September 15, 2021October 24, 2022

202109151444 CYU 3.4

When $1.00\,\mathrm{g}$ of ammonia boils at atmospheric pressure and $-33.0\,^\circ\mathrm{C}$ , its volume changes from $1.47\,\mathrm{cm^3}$ to $1130\,\mathrm{cm^3}$ . Its heat of vaporization at this pressure is $1.37\times 10^6\,\mathrm{J/kg}$ . What is the change in the internal energy of the ammonia when it vaporizes?

Solution.

With $L_v$ representing the latent heat of vaporization, the heat required to vaporize ammonia is

$\begin{aligned} Q & =mL_v \\ & =(0.001\,\mathrm{kg})(1.37\times 10^6\,\mathrm{J/kg}) \\ & =1.37\times 10^3\,\mathrm{J} \\ \end{aligned}$

Since the pressure on the system is constant at $1.00\,\mathrm{atm}=1.01\times 10^5\,\mathrm{N/m^2}$ , the work done by ammonia as it is vaporized is

$\begin{aligned} W & =p\Delta V \\ & =(1.01\times 10^5\,\mathrm{N/m^2})\big( (1130-1.47)\times (0.01\,\mathrm{m})^3 \big) \\ & = (1.01\times 10^5\,\mathrm{N\, m})(0.00112853) \\ & = 113.98153\,\mathrm{J} \\ \end{aligned}$

By the first law of thermodynamics, the internal (/thermal) energy of ammonia during its vaporization changes by

$\begin{aligned} \Delta E_{\textrm{int}} & =Q-W \\ & =1.37\times 10^3\,\mathrm{J} - 113.98153\,\mathrm{J}\\ & = 1256.01847\,\mathrm{J} \\ & \approx 1.26\,\mathrm{kJ} \end{aligned}$

September 15, 2021October 24, 2022

202109151432 CYU 1.3

If $25\,\mathrm{kJ}$ is necessary to raise the temperature of a rock from $25^\circ\mathrm{C}$ to $30^\circ\mathrm{C}$ , how much heat is necessary to heat the rock from $45^\circ\mathrm{C}$ to $50^\circ\mathrm{C}$ ?

Eq. (1.5):

$Q=mc\Delta T$

Substituting $25\,\mathrm{kJ}=25000\,\mathrm{J}$ for heat transferred $Q$ and $30\,^\circ\textrm{C} - 25\,^\circ\textrm{C} = 5\,\mathrm{C}^\circ$ for temperature change $\Delta T$ , we have

$mc=\displaystyle{\frac{Q}{\Delta T}=\frac{25000}{5}}=5000\,\mathrm{unit}$

To heat the rock from $45\,^\circ\mathrm{C}$ to $50\,^\circ\mathrm{C}$ , the heat needed is

$\begin{aligned} Q & = mc\Delta T \\ & = (5000)(50-45) \\ & = 25000\,\mathrm{J} \\ & = 25\,\mathrm{kJ} \end{aligned}$

September 15, 2021October 24, 2022

202109151235 CYU 1.7

How does the rate of heat transfer by conduction change when all spatial dimensions are doubled?
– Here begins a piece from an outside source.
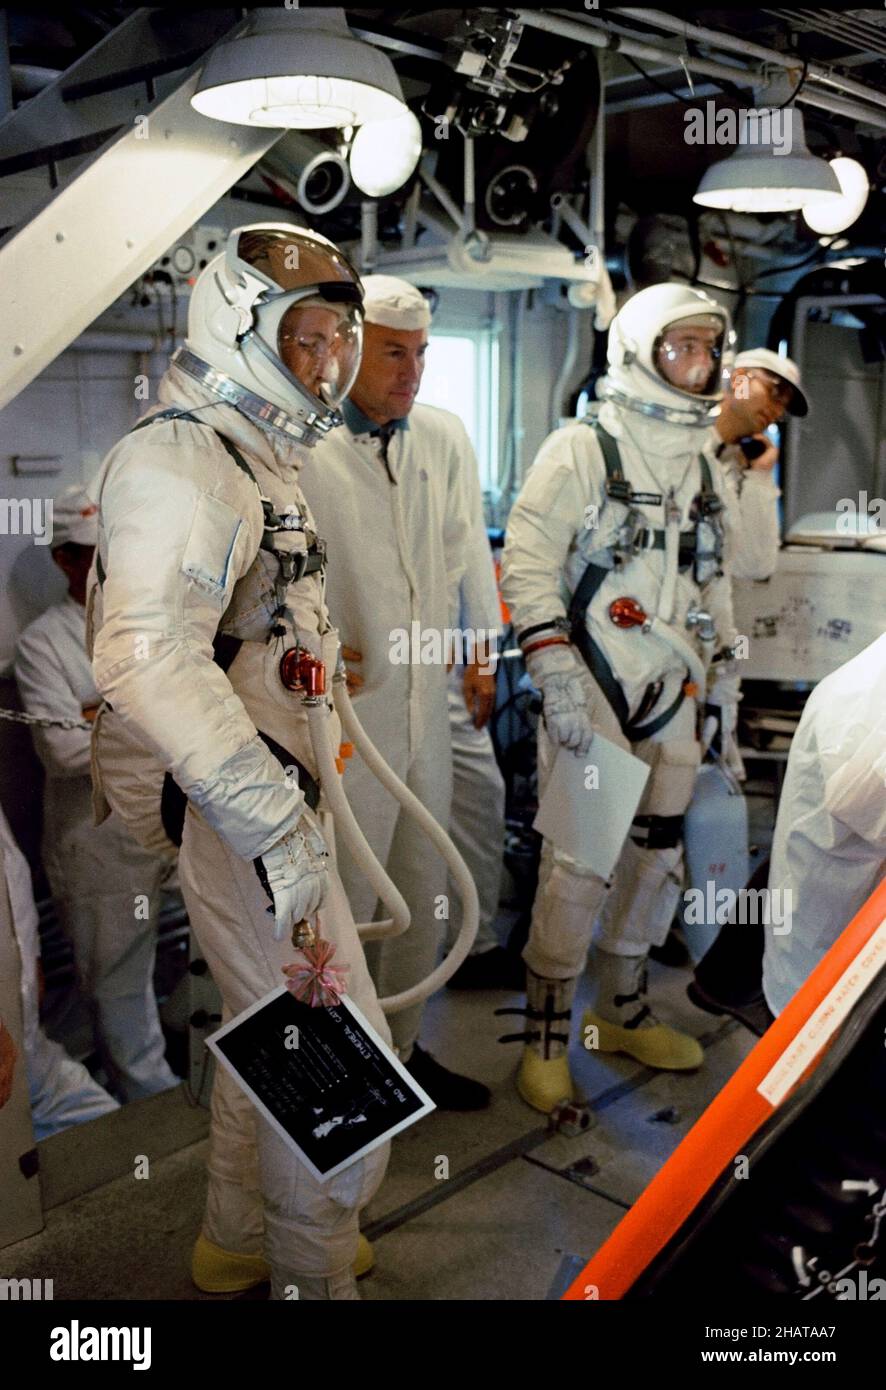 (3 giugno 1965) --- gli astronauti Edward H. White II e James A. McDivitt sono mostrati nella stanza bianca mentre si preparano ad entrare nella navicella spaziale Gemini-4 in cima al veicolo di lancio del Titan a Cape Kennedy, Florida. Foto Stock

Background. (Rate of conductive heat transfer)

The rate of conductive heat transfer through a slab of material is given by $P=\displaystyle{\frac{\mathrm{d}Q}{\mathrm{d}t}=\frac{kA(T_{\textrm{h}}-T_{\textrm{c}})}{d}}$ where $P$ is the power or rate of heat tranfer, $A$ and $d$ are its surface area and thickness, $T_{\textrm{h}}-T_{\textrm{c}}$ is the temperature difference across the slab, and $k$ is the thermal conductivity of the material. More generally, $P=-kA\displaystyle{\frac{\mathrm{d}T}{\mathrm{d}x}}$ where $x$ is the coordinate in the direction of heat flow.
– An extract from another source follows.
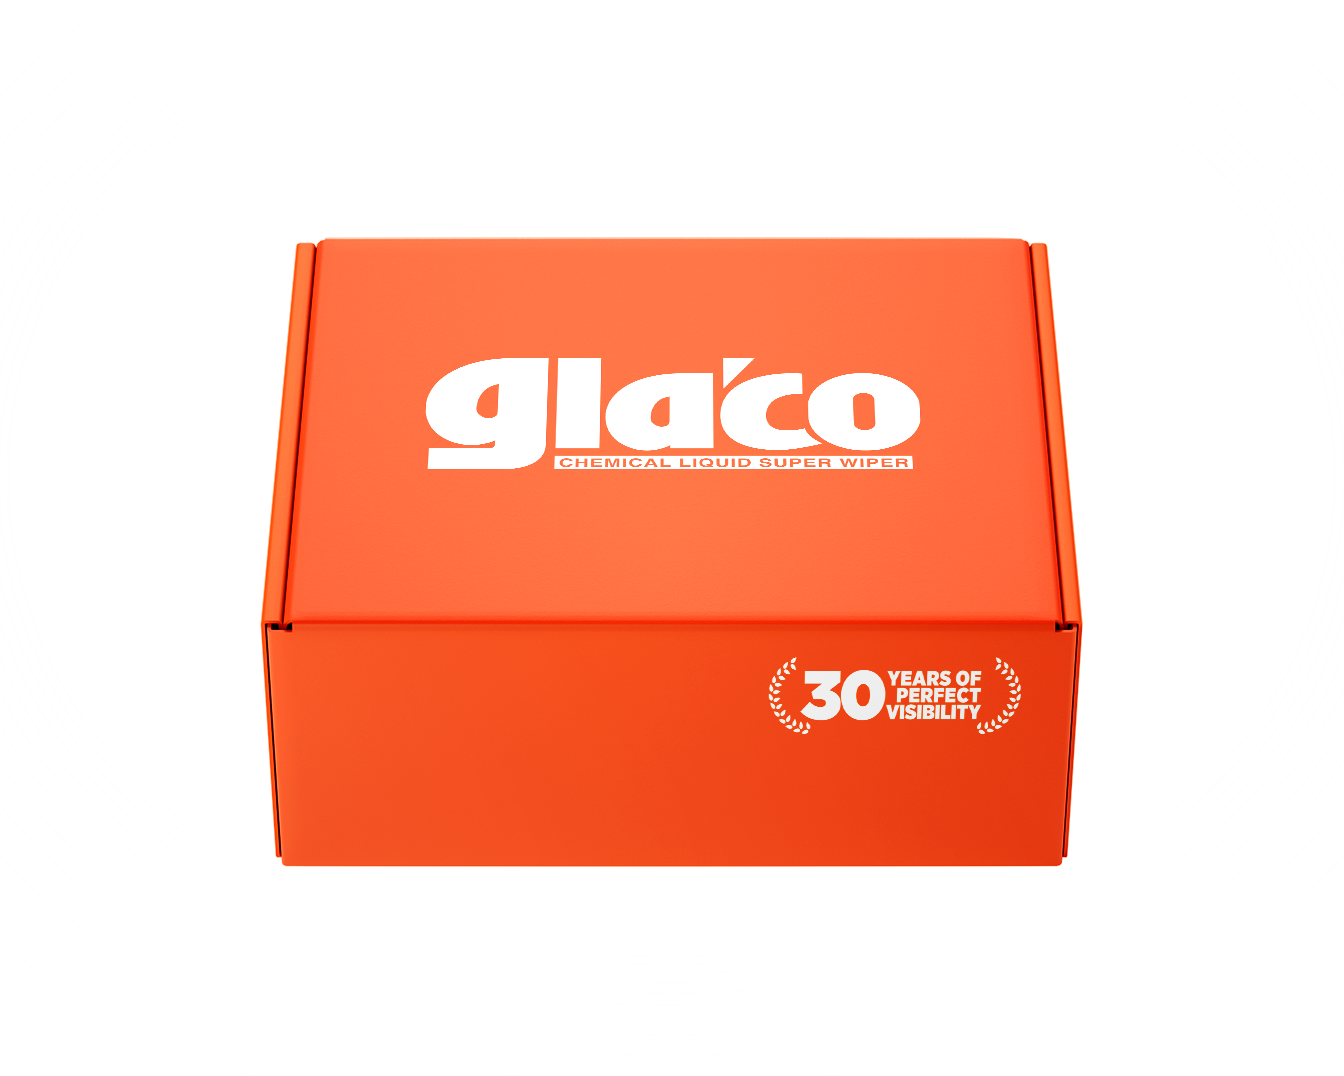 Soft99 Glaco Q Glass Preparation Agent

$\begin{aligned} A_{\textrm{initial}} & = l^2 \\ A_{\textrm{final}} & = l'^2 \\ (\,\dots\enspace \textrm{as } l' & =2l\enspace \dots\, ) \\ A_{\textrm{final}} & = (2l)^2 \\ & = 4l^2 \\ & = 4A_{\textrm{initial}} \end{aligned}$

and

$d_{\textrm{final}}=2d_{\textrm{initial}}$ ,

so,

$\begin{aligned} P_{\textrm{final}} & = \frac{kA_{\textrm{final}}(T_{\textrm{h}}-T_{\textrm{c}})}{d_{\textrm{final}}} \\ & = \frac{k(4A_{\textrm{initial}})(T_{\textrm{h}}-T_{\textrm{c}})}{(2d_{\textrm{initial}})} \\ & = 2\cdot \frac{kA_{\textrm{initial}}(T_{\textrm{h}}-T_{\textrm{c}})}{d_{\textrm{initial}}} \\ & = 2P_{\textrm{initial}} \end{aligned}$

$\therefore$ The rate of heat transfer by conduction increases by a factor of two.